Expression of the cathelicidin LL-37 is modulated by short chain fatty acids in colonocytes: relevance of signalling pathways

  1. J Schauber1,
  2. C Svanholm2,*,
  3. S Termén3,*,
  4. K Iffland1,
  5. T Menzel1,
  6. W Scheppach1,
  7. R Melcher1,
  8. B Agerberth3,
  9. H Lührs1,
  10. G H Gudmundsson4
  1. 1Department of Medicine, Division of Gastroenterology, University of Würzburg, Germany
  2. 2Microbiology and Tumour Biology Centre, Karolinska Institute, Stockholm, Sweden
  3. 3Department of Medical Biochemistry and Biophysics, Karolinska Institute, Stockholm, Sweden
  4. 4Microbiology and Tumour Biology Centre, Karolinska Institute, Stockholm, Sweden, and Institute of Biology, University of Iceland, Reykjavik, Iceland
  1. Correspondence to:
    Dr J Schauber, Medizinische Klinik, Schwerpunkt Gastroenterologie, Josef-Schneider-Str 2, 97080 Würzburg, Germany;
  • Accepted 12 November 2002


Background and aims: Short chain fatty acids (SCFA) exert profound effects on the colonic mucosa. In particular, SCFA modulate mucosal immune functions. The antimicrobial cathelicidin LL-37 is expressed by colon epithelial cells. In the present study the effect of SCFA on LL-37 expression was investigated.

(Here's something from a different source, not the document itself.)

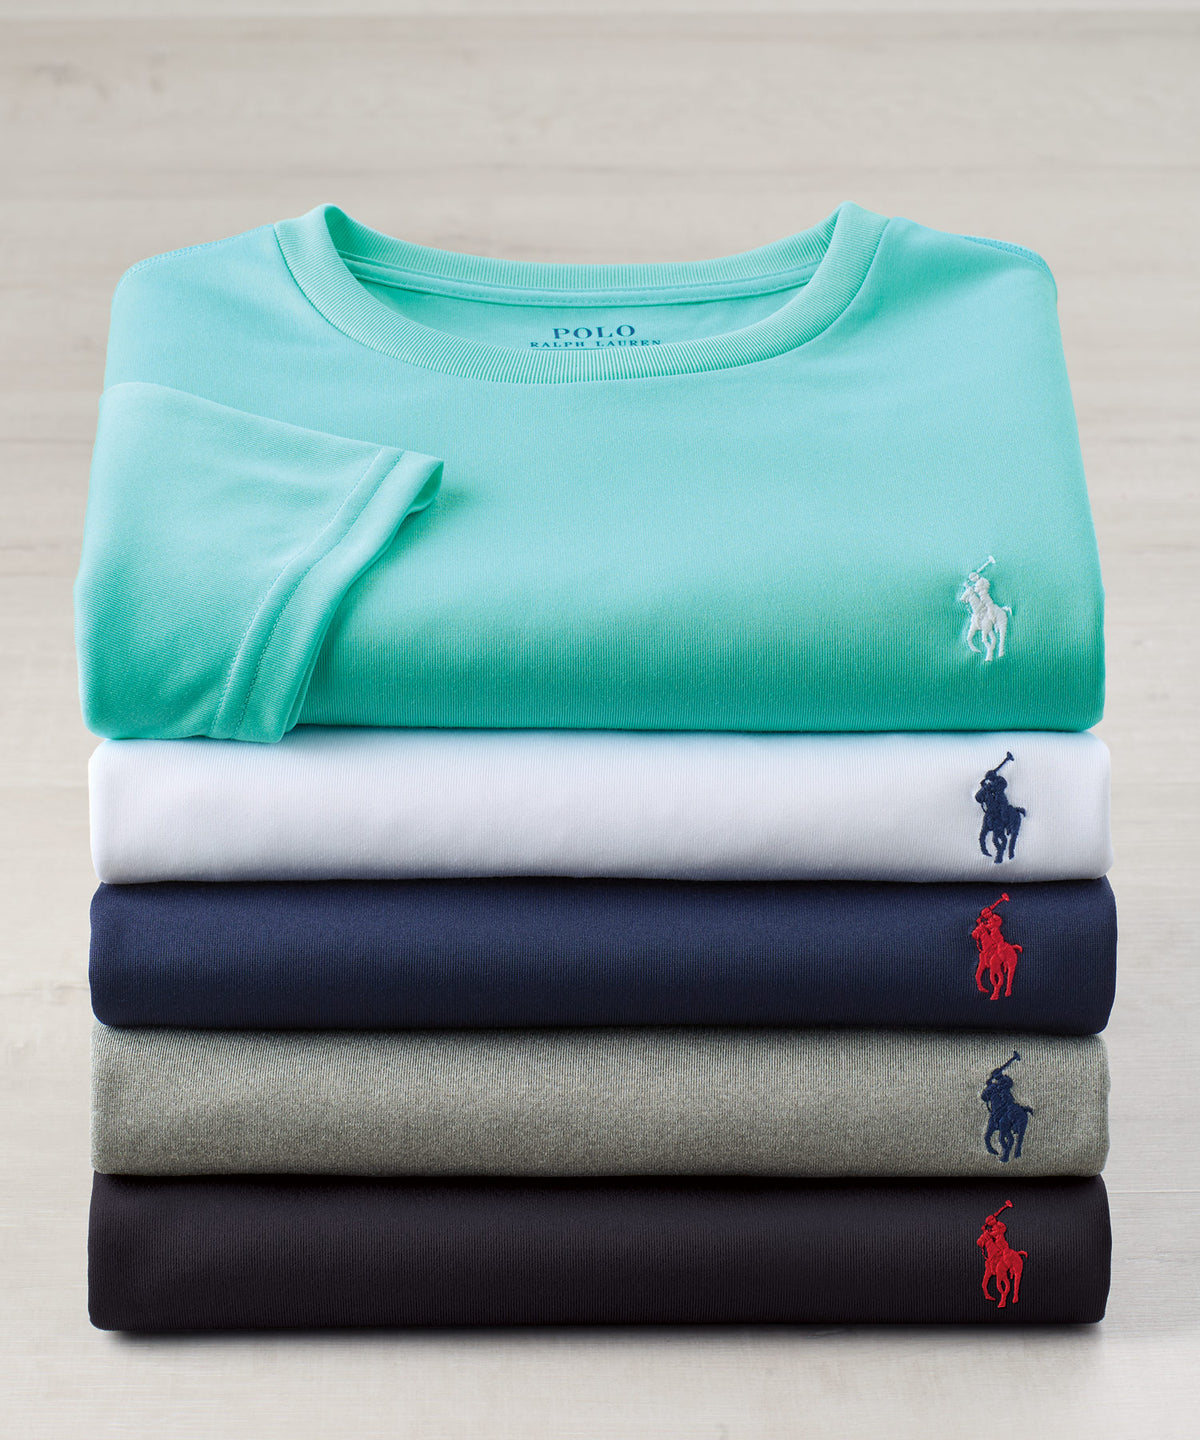 Polo Ralph Lauren Short Sleeve Performance T-Shirt Westport Big & Tall

Methods: LL-37 expression in vivo was assessed by immunohistochemistry. Real time quantitative reverse transcription-polymerase chain reaction was employed to determine LL-37 expression in colonocytes in vitro after treatment with various cytokines, SCFA, or flavone. LL-37 levels were correlated to cell differentiation which was determined by alkaline phosphatase (AP) activity. In addition, intracellular signalling pathways such as MEK-ERK (mitogen/extracellular signal protein kinase (MEK)/extracellular signal regulated protein kinase (ERK)) and p38/mitogen activated protein (MAP) kinase were explored.

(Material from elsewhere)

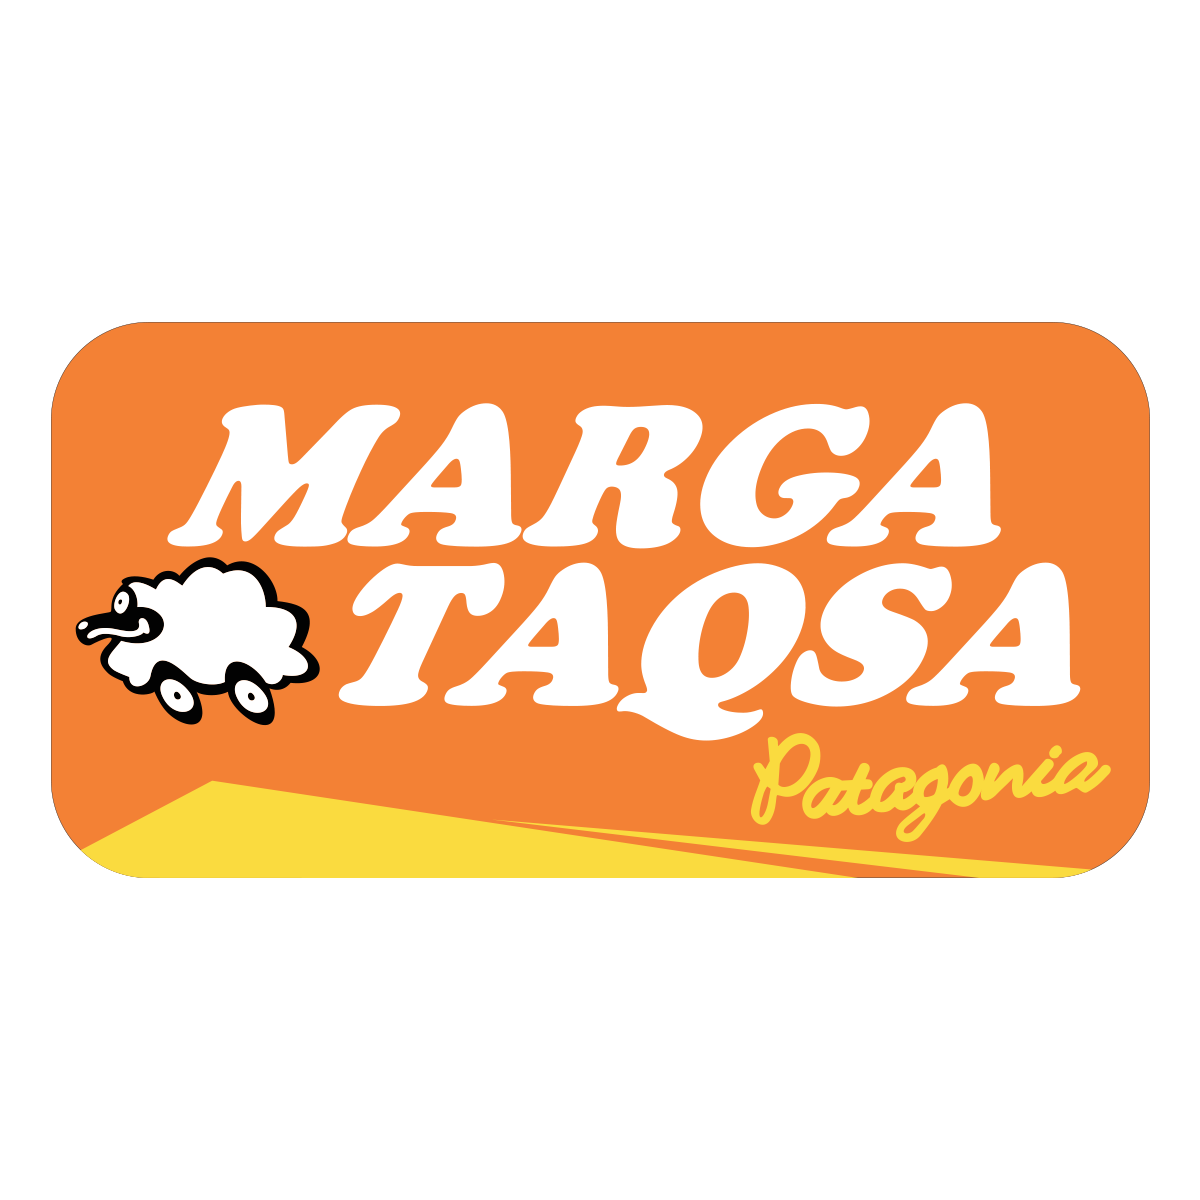 Marga Taqsa

Results: In vivo, LL-37 expression in healthy mucosa was restricted to differentiated epithelial cells in human colon and ileum. In colonocytes, increased LL-37 expression associated with cell differentiation was detected in vitro following treatment with butyrate, isobutyrate, propionate, and trichostatin A. Flavone induced LL-37 transcription but did not affect AP activity while cytokines had no effect. To dissect pathways mediating differentiation and LL-37 expression, specific inhibitors were applied. Inhibition of the protein kinase MEK enhanced butyrate induced AP activity while LL-37 expression in colon epithelial cells was blocked. In contrast, inhibition of p38/MAP kinase blocked cell differentiation without inhibiting LL-37 expression.

Conclusions: Expression of the cathelicidin LL-37 in colonocytes and cellular differentiation are separately modulated by SCFA via distinct signalling pathways. These data may provide a rationale for dietary modulation of mucosal defence mechanisms.


  • * C Svanholm and S Termén contributed equally to this work.